> _Study material_
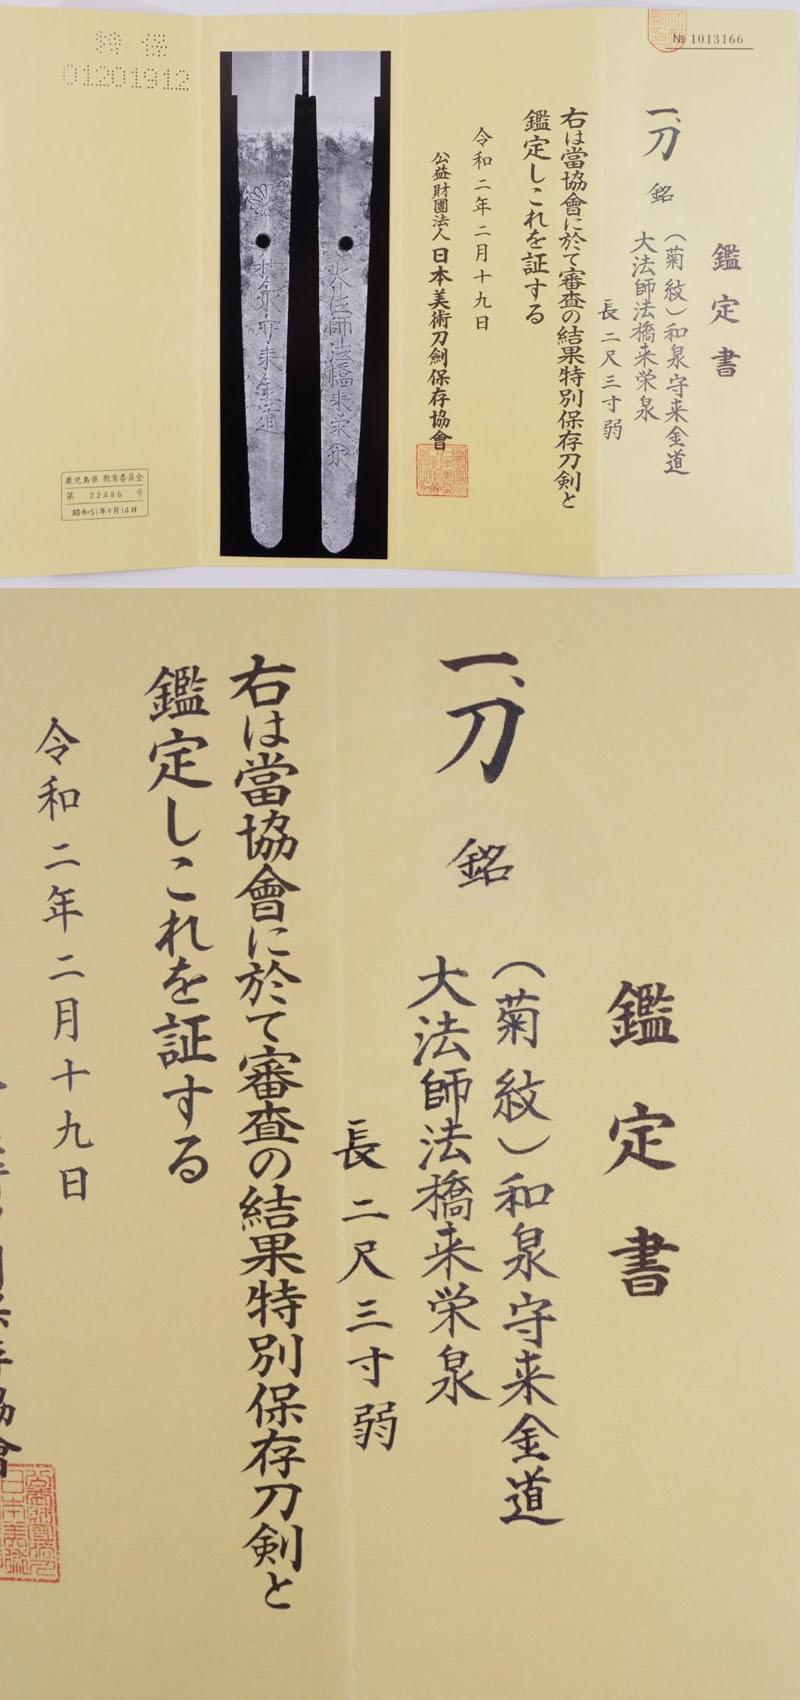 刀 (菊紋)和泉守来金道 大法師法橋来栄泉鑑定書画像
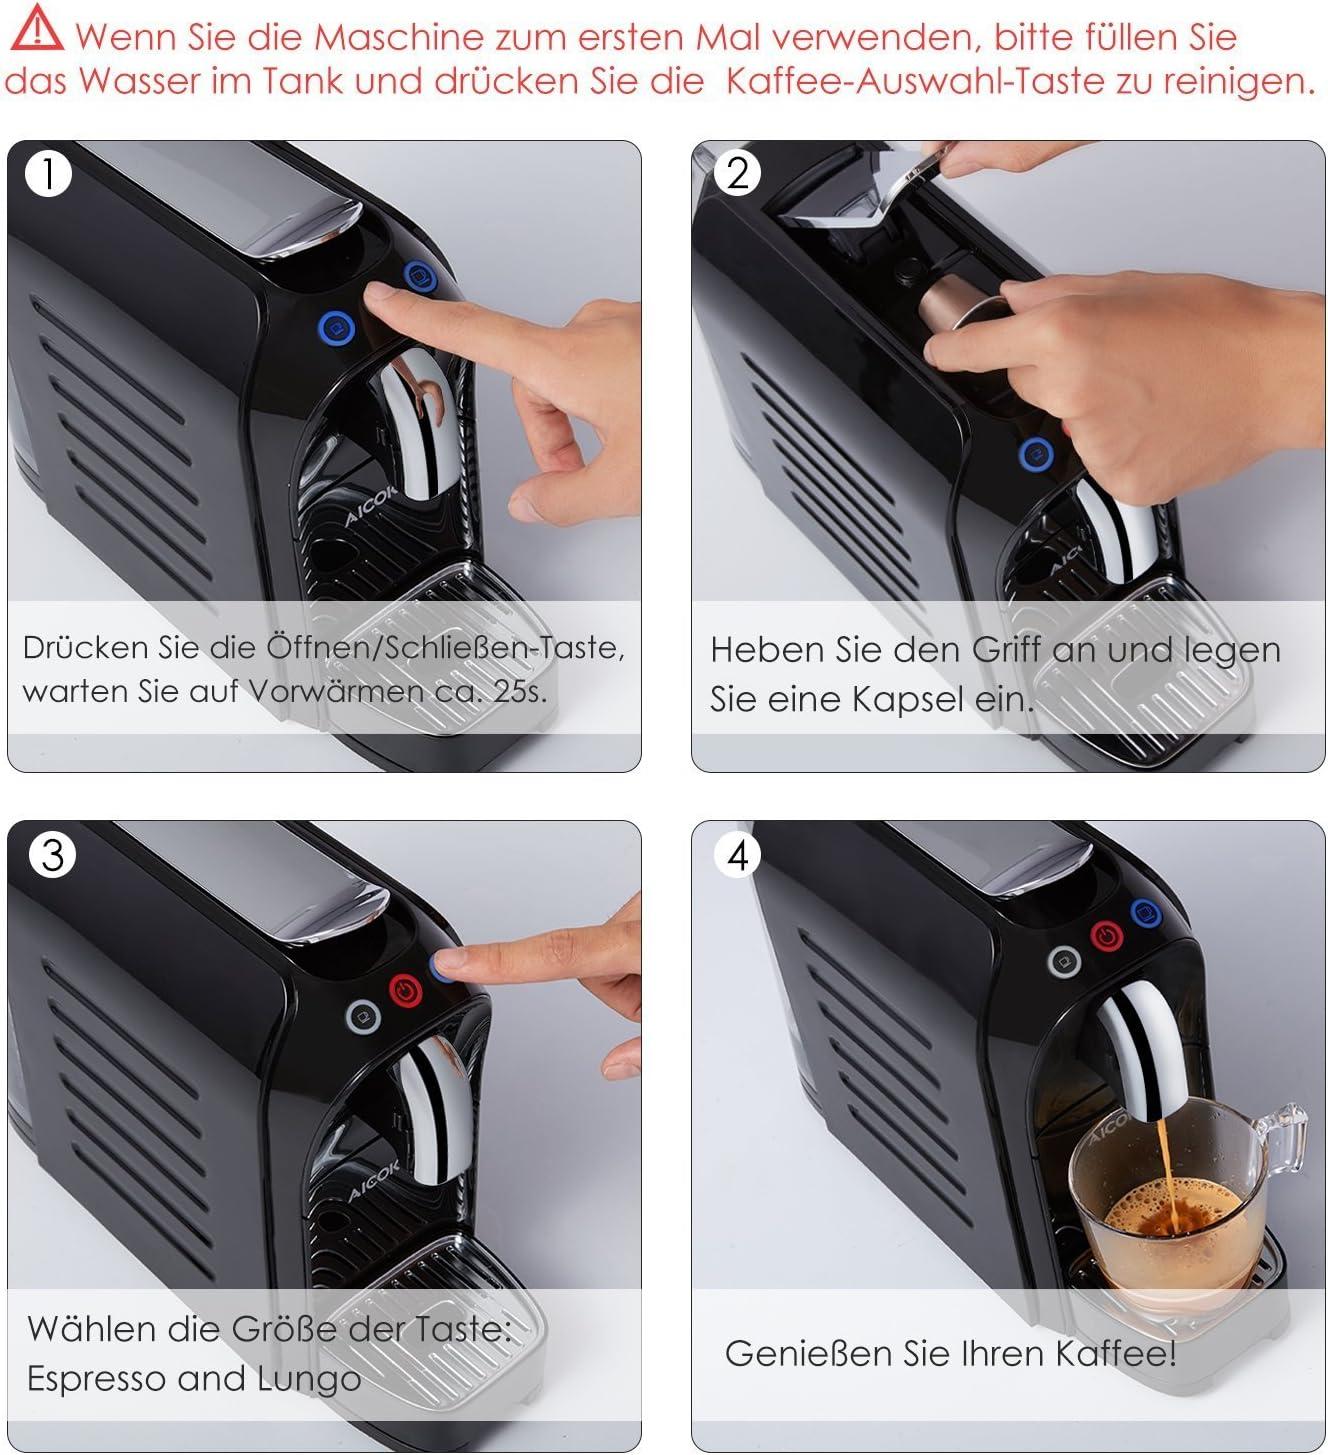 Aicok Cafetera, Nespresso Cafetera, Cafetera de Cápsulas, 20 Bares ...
...
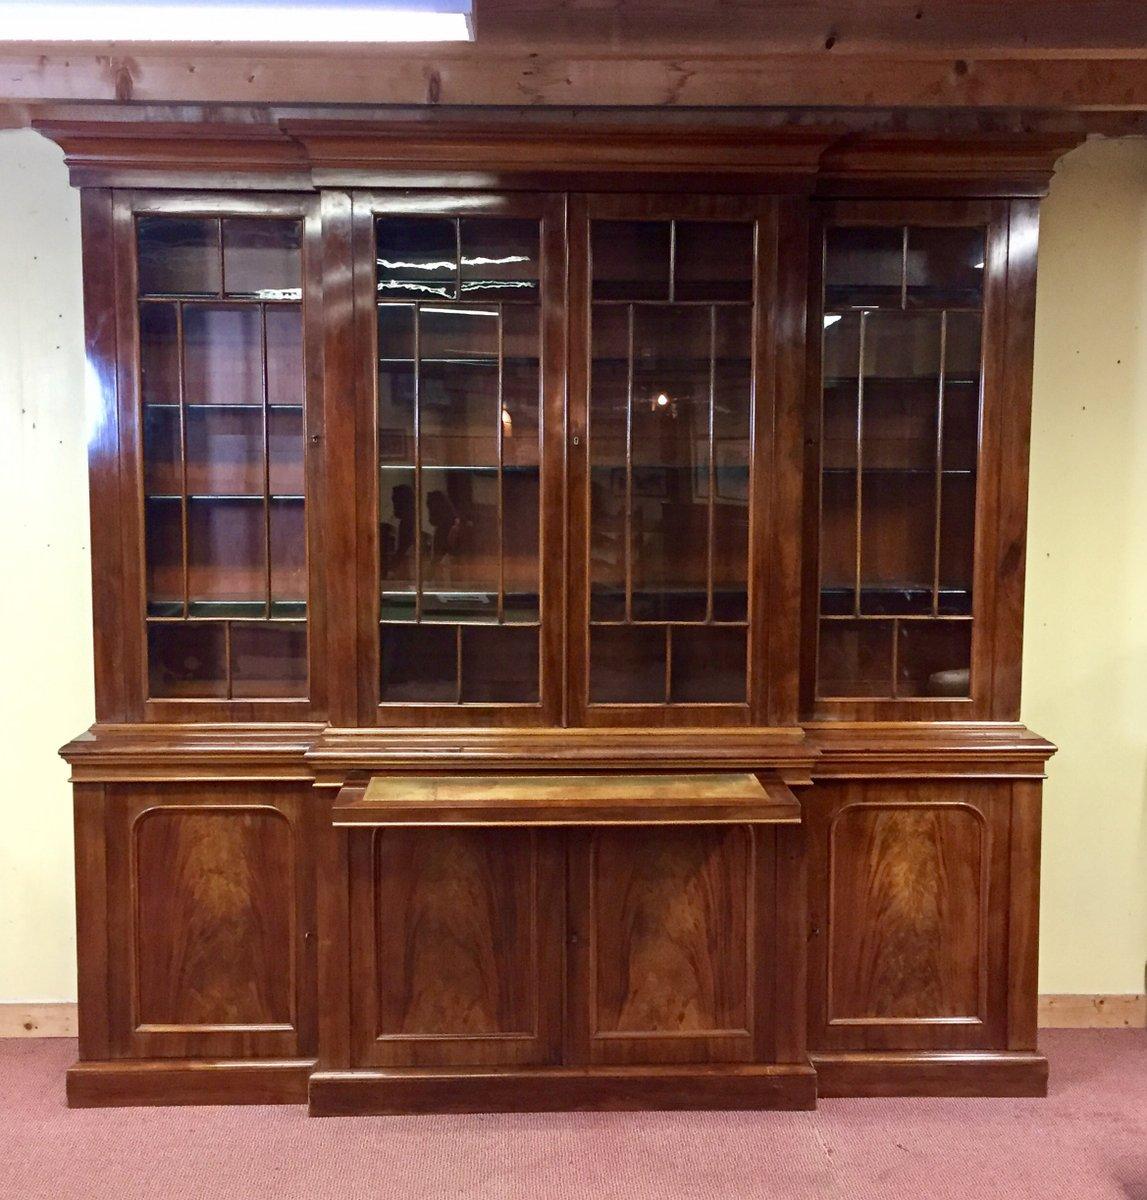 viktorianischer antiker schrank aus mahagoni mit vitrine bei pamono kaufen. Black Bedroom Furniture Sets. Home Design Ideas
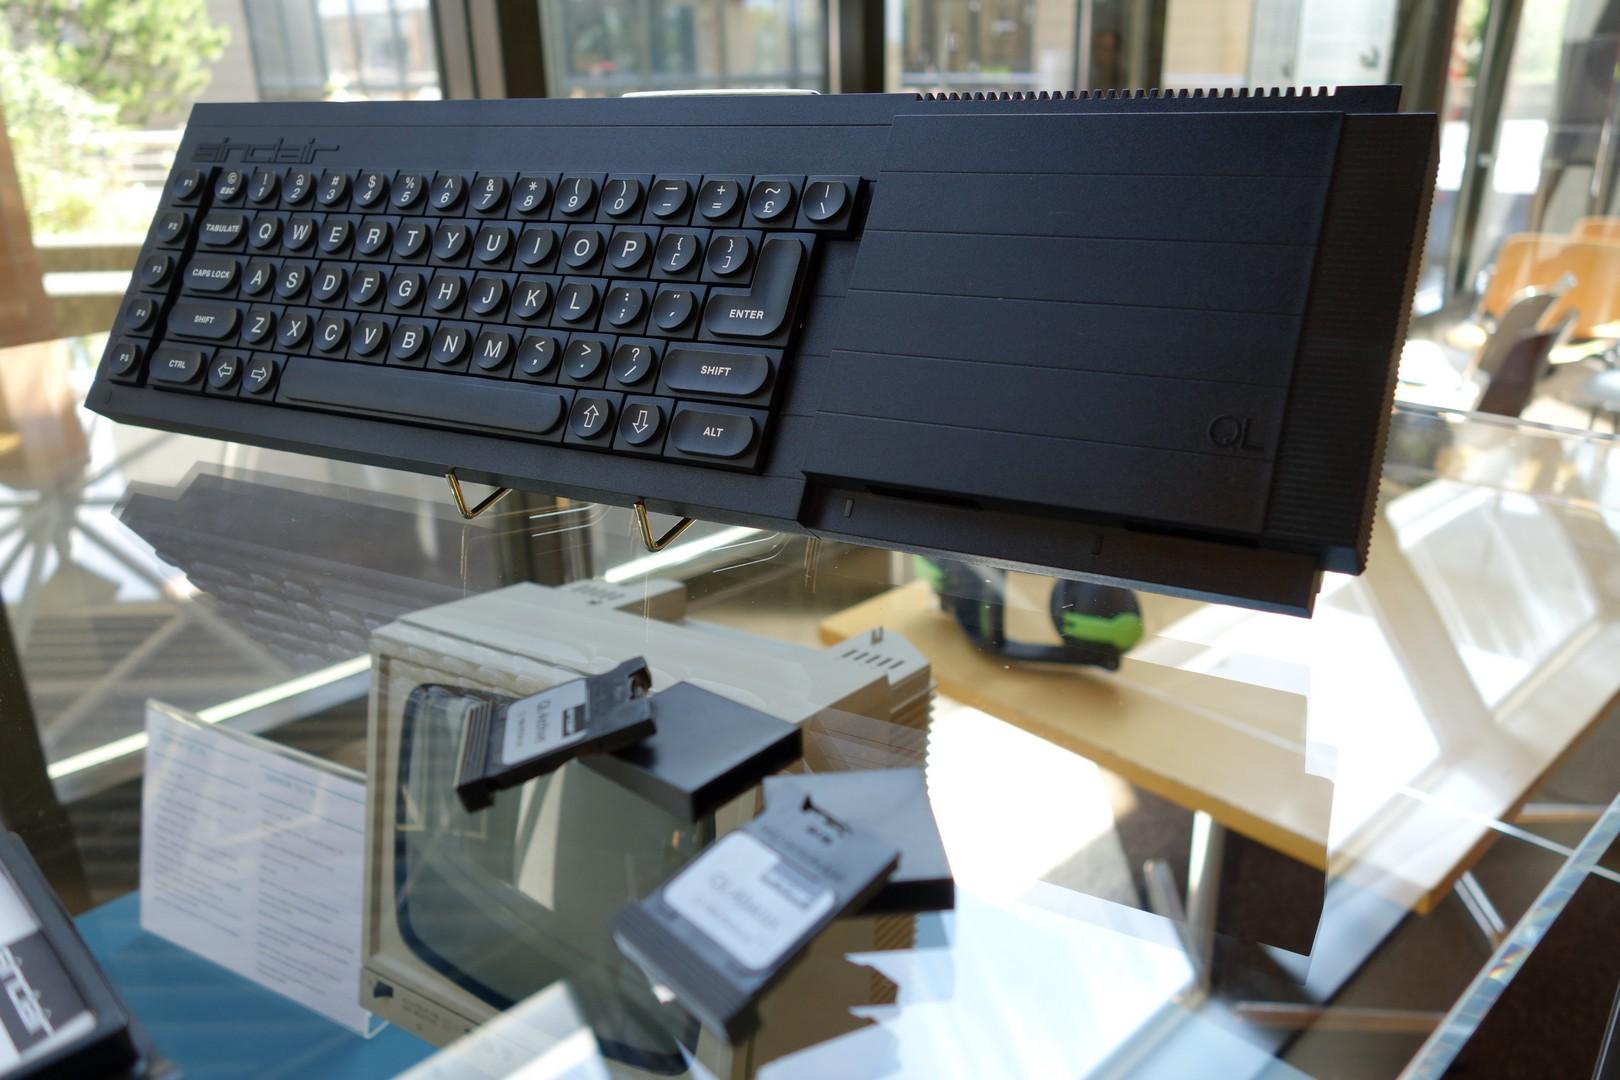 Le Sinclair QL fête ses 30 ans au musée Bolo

> _Task to carry out_
Starting at the line containing "刀 (菊紋)和泉守来金道 大法師法橋来栄泉鑑定書画像" and stopping at the line containing "Aicok Cafetera, Nespresso", output each line exactly as it appears above. Leave out the pictures.

> _Answer for this exercise_
 刀 (菊紋)和泉守来金道 大法師法橋来栄泉鑑定書画像
 Aicok Cafetera, Nespresso Cafetera, Cafetera de Cápsulas, 20 Bares ...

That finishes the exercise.